Nearly 2.5 percent of today’s carbon emissions are a result of global air travel — although emissions are expected to peak within this decade, aviation’s share of global emissions is projected to rise in coming years as other economic sectors decarbonize at a faster pace. The main culprit is the fossil fuel used to power aircraft. Even with exciting advancements in battery- and hydrogen-powered aircraft, today’s planes — and a large portion of the future aircraft fleet — are dependent on burning liquid fuels. Sustainable aviation fuel (SAF), often in the form of biofuel, has the potential to reduce the carbon intensity of flying by more than 80 percent and can be used in today’s aircraft. But SAF currently represents less than 0.1 percent of global aviation fuel due to insufficient supply, disaggregated demand, and cost barriers.

In addition, the industry faces the challenge of addressing the non-CO₂ impacts of flying which are becoming increasingly understood as research in the area progresses. For example, contrail cirrus formations, the wispy white clouds trailing behind many aircraft, are now understood to have a significant warming impact, perhaps even more so than the CO₂ emissions from air travel alone. Averaged over all flights based on a global warming potential (GWP) 100-year time period, contrails are estimated on a conservative basis to contribute a warming effect comparable to an additional 61 percent of annual aviation CO₂ emissions. However, since contrails have short atmospheric lifespans relative to CO₂, avoiding or reducing their formation may result in significant near-term reductions to climate warming attributable to aviation.

First-Class Solutions

In October of 2021, the International Air Transport Association (IATA) passed a resolution to fly net zero by 2050. That’s good news for the environment, because IATA represents around 300 airlines, or 83 percent of total air traffic. Many individual airlines, companies, and whole countries, have also pledged to drastically reduce their aviation emissions. The industry’s commitment to decarbonization means net-zero aviation is cleared for take-off, and it starts with scaling sustainable aviation fuel.
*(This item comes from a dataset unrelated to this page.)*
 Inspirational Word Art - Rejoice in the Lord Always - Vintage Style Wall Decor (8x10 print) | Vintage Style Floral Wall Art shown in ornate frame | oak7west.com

SAF, made from non-petroleum-based, renewable feedstocks, is the only scalable tool to decarbonize aviation right now. Biofuels are becoming more readily available as companies convert municipal solid waste, used cooking oil, agricultural waste, and other organic matter into fuel while promising new pathways to produce synthetic or ‘power to liquid fuels’ from renewable energy and captured CO₂ continue to advance. But to keep the aviation sector on track for net zero in 2050, the SAF project pipeline will require massive capital investments. RMI is working closely with fuel suppliers, airlines, and corporate buyers to connect the dots across the value chain for sustainable aviation fuel in order to rapidly increase availability and use of this critical, low-emissions fuel.
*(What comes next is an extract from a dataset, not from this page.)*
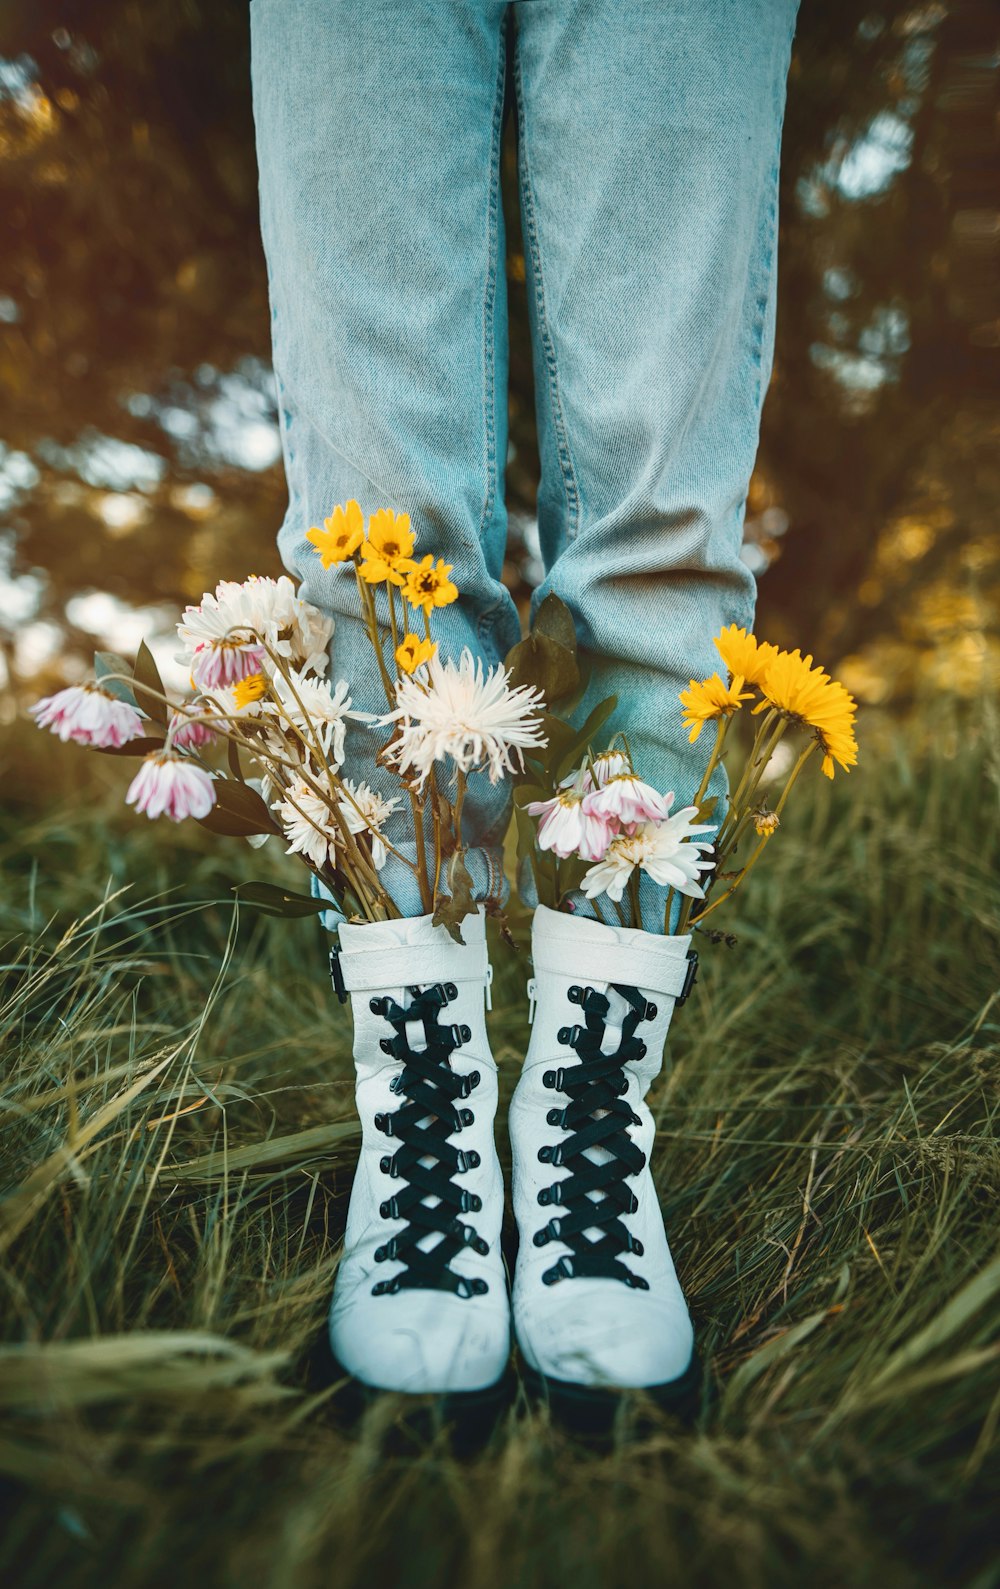 person in blue denim jeans and white and black boots holding white and yellow flowers

We’re also working with the aviation industry to tackle the impact from contrails, which form at cruising altitude when the atmosphere has proper conditions for water to condense behind engine exhaust trails. What if aircraft avoided those conditions? In collaboration with airlines and researchers, we are helping develop tools so aviators can adjust flight plans to mitigate contrails, just like turbulence, icing, or inclement weather are incorporated into flight planning today. By establishing a playbook for contrail avoidance, we can help airlines significantly reduce the climate impacts of aviation in the near term.

By building relationships with fuel suppliers, airlines, airports, researchers, and corporate buyers, and providing them with the analysis and tools they need, RMI is addressing both air travel carbon emissions and the climate impact of aviation contrails.